Even though registered Republicans outnumber Democrats in the 23rd district, it's not uniformly red -- voters there went for President Obama by a very slim margin in 2008.

The 26th district, on the other hand, went for Sen. John McCain (R-Ariz.). Democrats, who have yet to pick a candidate for this seat, are still not sure it's even worth investing resources in the race.

There is one issue where Corwin is more moderate: abortion. According to her responses on a 2008 VoteSmart questionnaire, she thinks abortion should be legal in the first trimester of pregnancy -- a position that might not sit well with conservative voters.

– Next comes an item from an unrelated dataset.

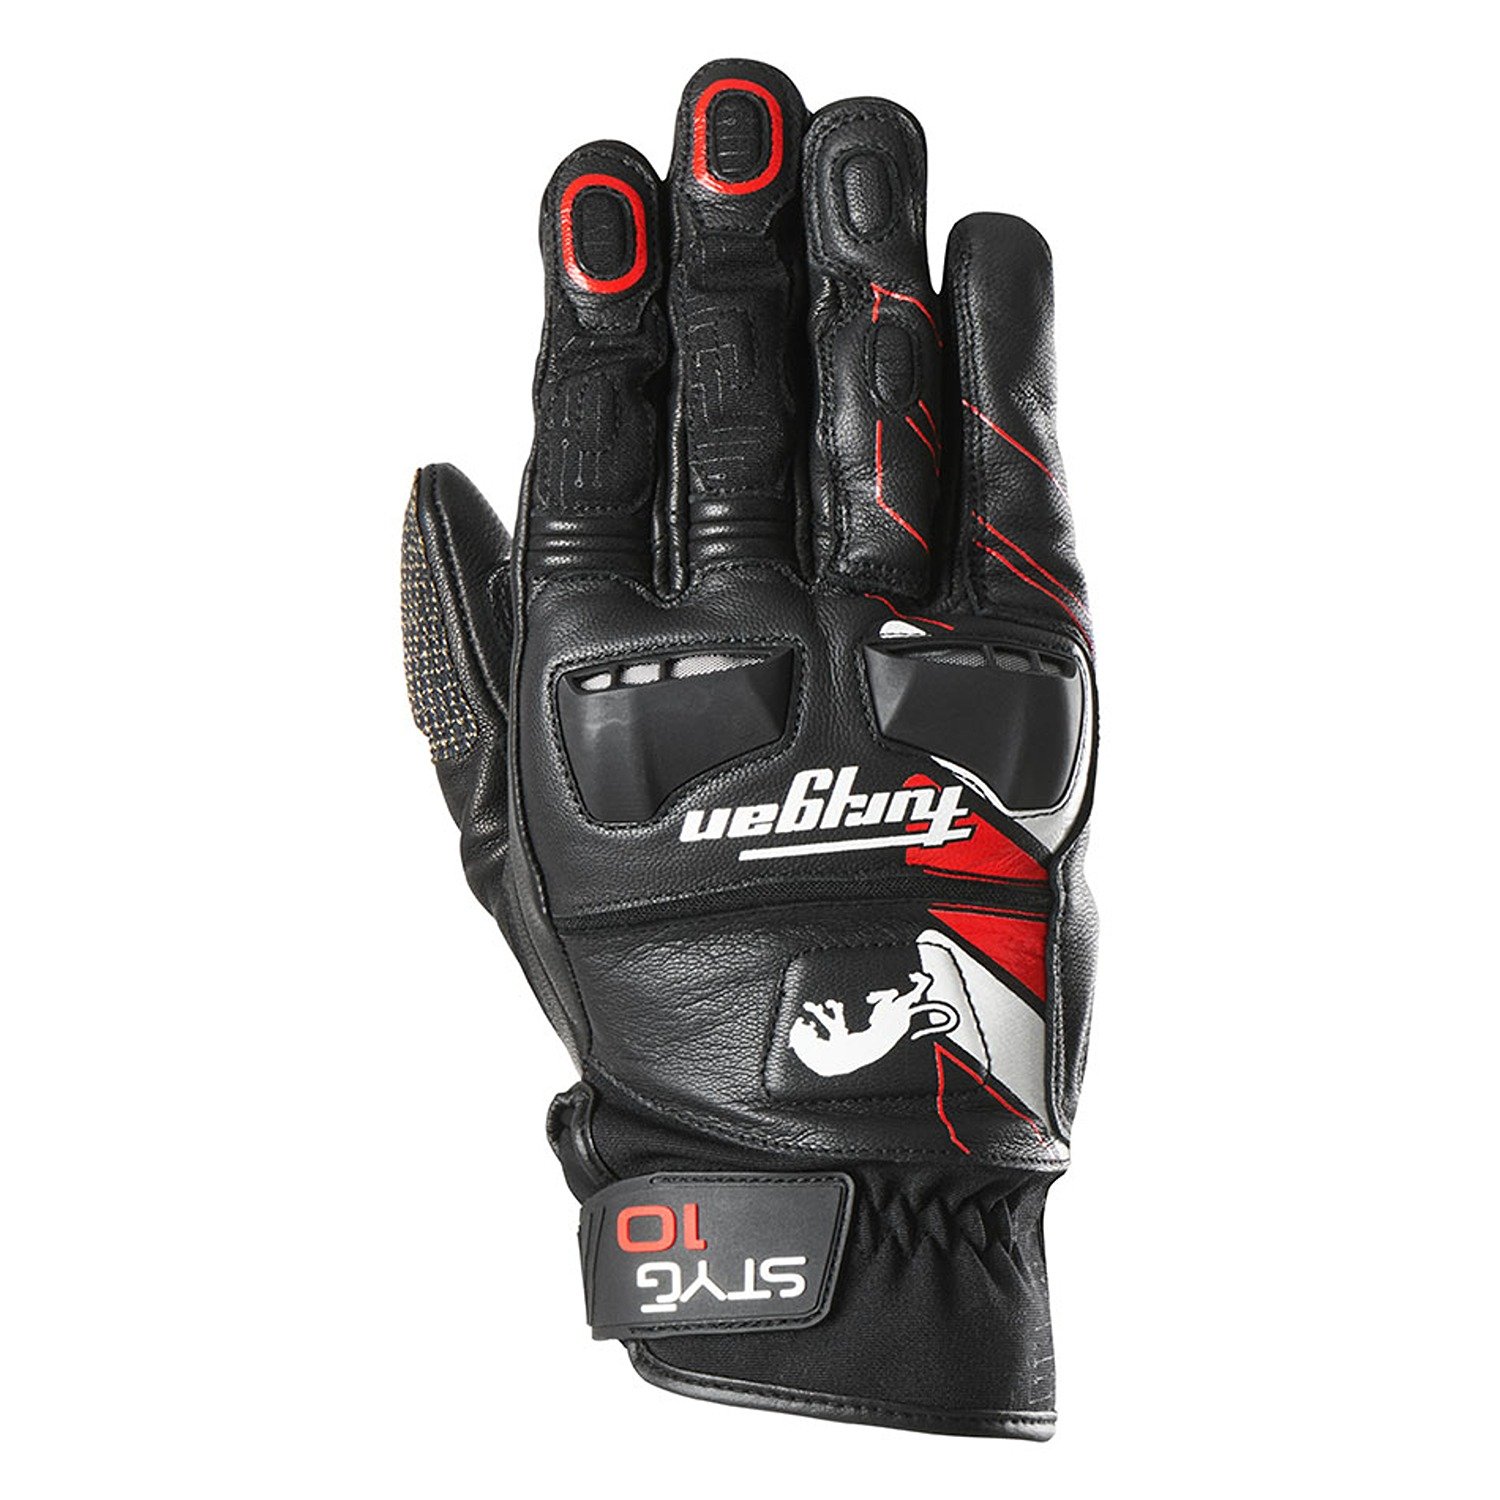 Image of Furygan Styg10 Gloves Black White Red Taille S

"We feel that David being a pro-life candidate, the only pro-life candidate, the Conservative Party's life and foundations are very important," Bellavia's spokesperson told a local paper.

Conservative Party leaders don't seem to think Corwin's abortion position is a major issue. "I'm a pro-life guy, but I don't have any lines in the sand," said Erie County Conservative Party Chairman Ralph Lorigo.

Michael Long, head of the state Conservative Party, said that in conversations with Corwin she was "correct" on most abortion-related issues, including opposing federal funding of abortion and funding for Planned Parenthood. "David got in the race a little bit late,"added Long.

If Bellavia did not get the Conservative Party nod, he could still qualify for the ballot by collecting 3,500 signatures within 12 days of the governor's proclamation of the date of the special election. That's not an insurmountable obstacle, but the bid would not be as powerful as one coming from one of the established third-party lines, which wield considerable influence in New York.

It's possible that Corwin-skeptics could dig up enough dirt on the candidate to turn off conservatives. Just yesterday, it came out that Corwin had donated to Scozzafava's campaign. Still, Corwin is no Scozzafava... yet.